CREATE DATASOURCE source_name [ (column_name data_type [, ...] ) ]
FROM (STORAGE: 'storage_location' [, STREAM: 'storage_location' ])


jubaql> CREATE DATASOURCE nbpds (label string, name string)
        FROM (STORAGE: 'hdfs:///jubatus-on-yarn/sample/npb_data.json')

jubaql> CREATE DATASOURCE nico FROM (STORAGE: 'hdfs:///user/fluentd',
        STREAM: 'kafka://hdp8:2181,hdp9:2181,hdp10:2181/fluentd/1')


CREATE DATASOURCE defines an abstract data source with a unified view of a static data set and (optionally) a data stream. Data is assumed to contain one JSON document per line.

  • source_name is a user-defined string that will identify this data source later on.
  • A schema of column_name and data_type (one of numeric, string, boolean) may be specified, providing a row-column shape for the JSON data. If a schema is not given, it will be inferred from the data in each batch.
  • storage_location is a string indicating the location of the data. Valid formats are:
    • file://<path>, hdfs://<path> and empty (for STORAGE)
    • kafka://<zookeeper>/<topic>/<consumer-group> (for STREAM)

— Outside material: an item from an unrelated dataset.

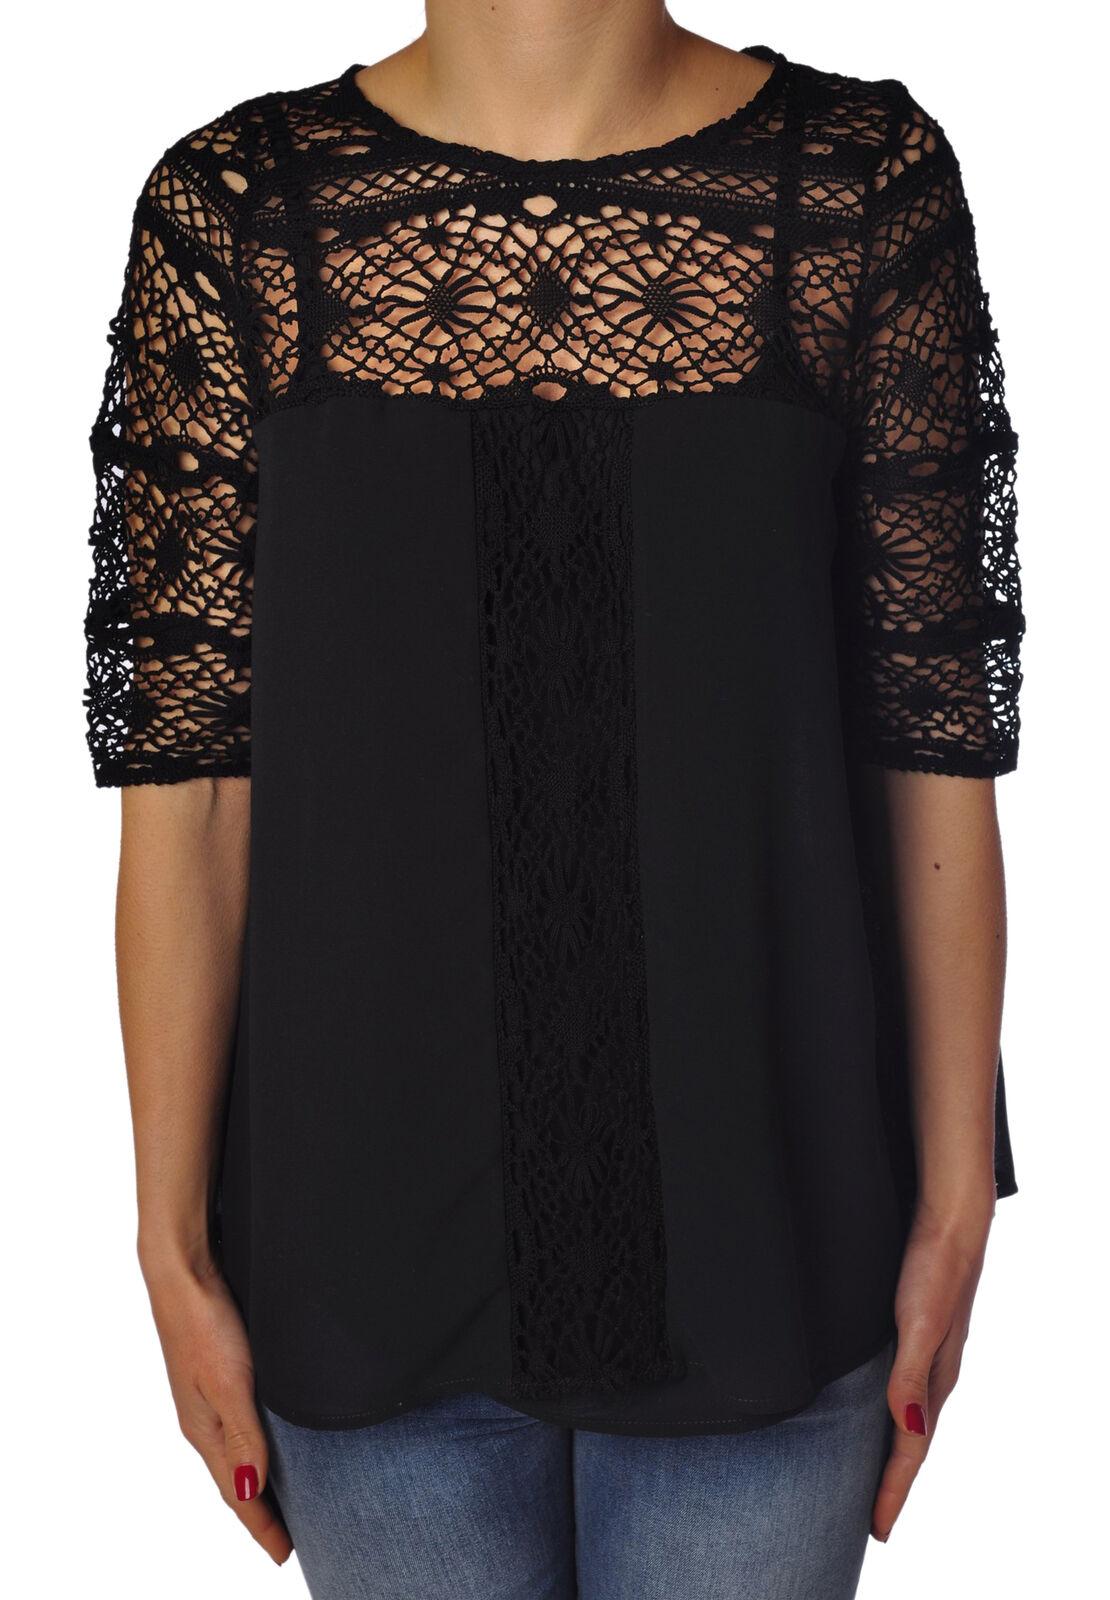 Soallure - Shirts-Blouses - woman - schwarz - 769517C183530

After a CREATE DATASOURCE statement has been processed successfully, the user can use the specified source_name in other statements whenever a STREAM is referenced. The second of the above examples is in spirit similar to PostgreSQL’s CREATE VIEW ds AS SELECT json->'label' AS label, json->'name' AS name FROM hdfs_table.


  • To retrieve data from fluentd, fluentd must be configured to push its data to Kafka using fluent-plugin-kafka. This is required because fluentd expects to push data somewhere while Spark expects to pull data from somewhere, so there is a message queue needed in between. Kafka seems to fulfill this requirement quite well.
  • When seamless switching from static to stream processing is desired, there must be a field with the key "jubaql_timestamp" in every data item with strictly increasing (as per string ordering) string values. Otherwise items in the Kafka queue that are also in the previously processed static data set will be processed again.
  • Schema inference increases processing time and carries the risk of a wrongly inferred data type (since only a sampled subset is considered for inference), leading to type cast errors at runtime. Also, an empty schema will be inferred for empty batches, leading to problems with many other statements. Unless data is directly fed from a data source to a a model update process, schema inference should therefore be avoided at the moment.